Fix AccessEnforcementReleaseSinking. Check for illegal cases.

In the included, test case, the optimization was sinking releases past is_escaping_closure. Rewrite the isBarrier logic to be conservative and define the mayCheckRefCount property in SIL/InstructionUtils. Properties that may need to be updated when SIL changes belong there. Note that it is particularly bad behavior if the presence of access markers in the code cause miscompiles unrelated to access enforcement. Fixes <rdar://problem/45846920> TestFoundation, TestProcess, closure argument passed as @noescape to Objective-C has escaped.
2025-12-21 12:14:44 +01:00 · 2018-11-06 13:52:03 -08:00
parent fcff56d499
commit 5983aae176
7 changed files with 144 additions and 17 deletions
--- a/lib/SILOptimizer/Transforms/AccessEnforcementReleaseSinking.cpp
+++ b/lib/SILOptimizer/Transforms/AccessEnforcementReleaseSinking.cpp
@@ -27,6 +27,7 @@

 #include "swift/SIL/ApplySite.h"
 #include "swift/SIL/DebugUtils.h"
+#include "swift/SIL/InstructionUtils.h"
 #include "swift/SIL/SILFunction.h"
 #include "swift/SILOptimizer/PassManager/Transforms.h"

@@ -47,15 +48,67 @@ static bool isSinkable(SILInstruction &inst) {
 }

 // Returns a bool: If this is a "barrier" instruction for this opt
-static bool isBarrier(SILInstruction &inst) {
-  switch (inst.getKind()) {
-  default:
-    return FullApplySite::isa(&inst) != FullApplySite();
-  case SILInstructionKind::BeginAccessInst:
-  case SILInstructionKind::BeginUnpairedAccessInst:
-  case SILInstructionKind::IsUniqueInst:
+static bool isBarrier(SILInstruction *inst) {
+  // Calls hide many dangers, from checking reference counts, to beginning
+  // keypath access, to forcing memory to be live. Checking for these and other
+  // possible barries at ever call is certainly not worth it.
+  if (FullApplySite::isa(inst) != FullApplySite())
    return true;
+
+  // Don't extend lifetime past any sort of uniqueness check.
+  if (mayCheckRefCount(inst))
+    return true;
+
+  // Don't extend object lifetime past deallocation.
+  if (isa<DeallocationInst>(inst))
+    return true;
+
+  // Avoid introducing access conflicts.
+  if (isa<BeginAccessInst>(inst) || isa<BeginUnpairedAccessInst>(inst))
+    return true;
+
+  if (auto *BI = dyn_cast<BuiltinInst>(inst)) {
+    auto kind = BI->getBuiltinKind();
+    if (!kind)
+      return false; // LLVM intrinsics are not barriers.
+
+    // Whitelist the safe builtin categories.

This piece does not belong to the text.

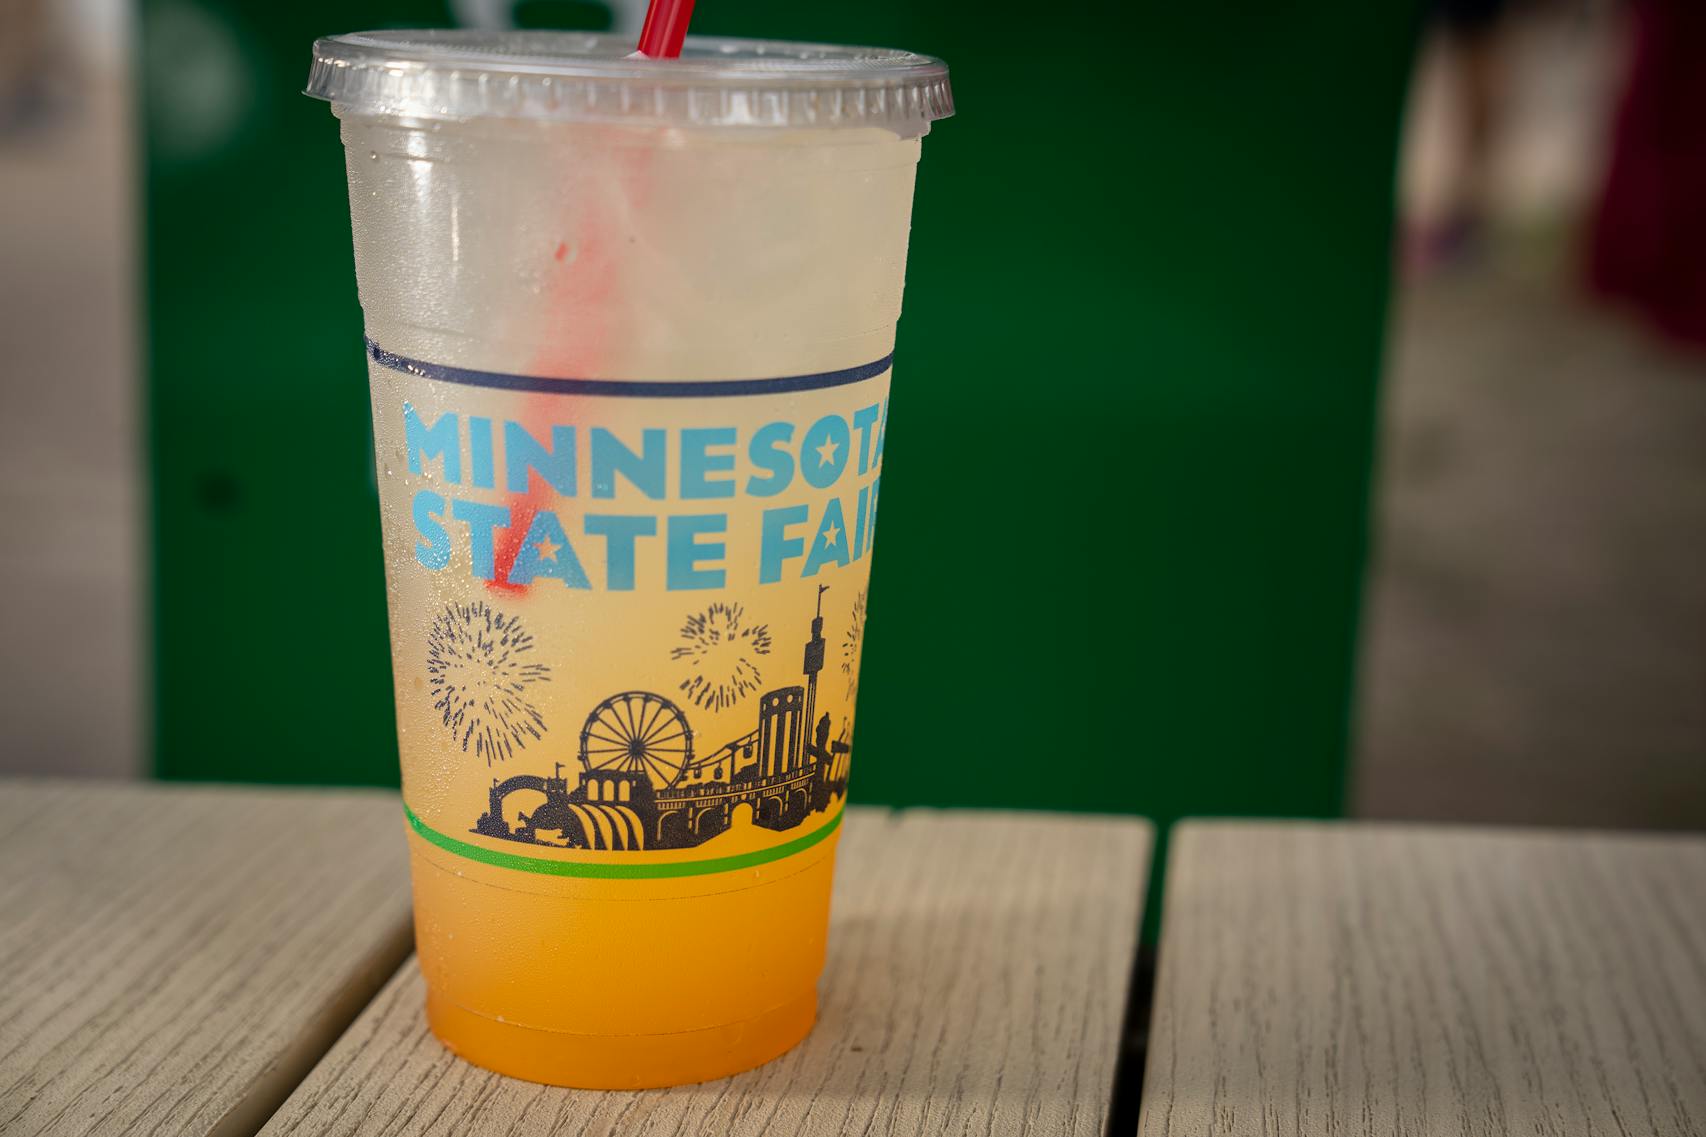 Island Lemonade from Island Noodles. The new foods of the 2023 Minnesota State Fair photographed on the first day of the fair in Falcon Heights, Minn. on Tuesday, Aug. 8, 2023. ] LEILA NAVIDI • leila.navidi@startribune.com

Builtins should generally be
+    // treated conservatively, because introducing a new builtin does not
+    // require updating all passes to be aware of it. Avoid a default to ensure
+    // that all categories are covered.
+    switch (kind.getValue()) {
+    case BuiltinValueKind::None:
+      llvm_unreachable("Builtin must has a non-empty kind.");
+#define BUILTIN_NO_BARRIER(Id)                                                 \
+  case BuiltinValueKind::Id:                                                   \
+    return false;
+#define BUILTIN_CAST_OPERATION(Id, Name, Attrs) BUILTIN_NO_BARRIER(Id)
+#define BUILTIN_CAST_OR_BITCAST_OPERATION(Id, Name, Attrs)                     \
+  BUILTIN_NO_BARRIER(Id)
+#define BUILTIN_BINARY_OPERATION(Id, Name, Attrs, Overload)                    \
+  BUILTIN_NO_BARRIER(Id)
+#define BUILTIN_BINARY_OPERATION_WITH_OVERFLOW(Id, Name, UncheckedID, Attrs,   \
+                                               Overload)                       \
+  BUILTIN_NO_BARRIER(Id)
+#define BUILTIN_UNARY_OPERATION(Id, Name, Attrs, Overload)                     \
+  BUILTIN_NO_BARRIER(Id)
+#define BUILTIN_BINARY_PREDICATE(Id, Name, Attrs, Overload)                    \
+  BUILTIN_NO_BARRIER(Id)
+#define BUILTIN_SIL_OPERATION(Id, Name, Overload)                              \
+  case BuiltinValueKind::Id:                                                   \
+    llvm_unreachable("SIL operation must be lowered to instructions.");
+#define BUILTIN_RUNTIME_CALL(Id, Name, Attrs)                                  \
+  case BuiltinValueKind::Id:                                                   \
+    return true; // A runtime call could be anything.
+#define BUILTIN_MISC_OPERATION(Id, Name, Attrs, Overload) BUILTIN_NO_BARRIER(Id)
+#define BUILTIN_SANITIZER_OPERATION(Id, Name, Attrs) BUILTIN_NO_BARRIER(Id)
+#define BUILTIN_TYPE_CHECKER_OPERATION(Id, Name) BUILTIN_NO_BARRIER(Id)
+#define BUILTIN_TYPE_TRAIT_OPERATION(Id, Name) BUILTIN_NO_BARRIER(Id)
+
+#include "swift/AST/Builtins.def"
+    }
  }
+  return false;
 }

 // Processes a block bottom-up, keeping a lookout for end_access instructions
@@ -70,7 +123,7 @@ static void processBlock(SILBasicBlock &block) {
      if (!bottomEndAccessInst) {
        bottomEndAccessInst = currEAI;
      }
-    } else if (isBarrier(currIns)) {
+    } else if (isBarrier(&currIns)) {
      LLVM_DEBUG(llvm::dbgs() << "Found a barrier " << currIns
                              << ", clearing last seen end_access\n");
      bottomEndAccessInst = nullptr;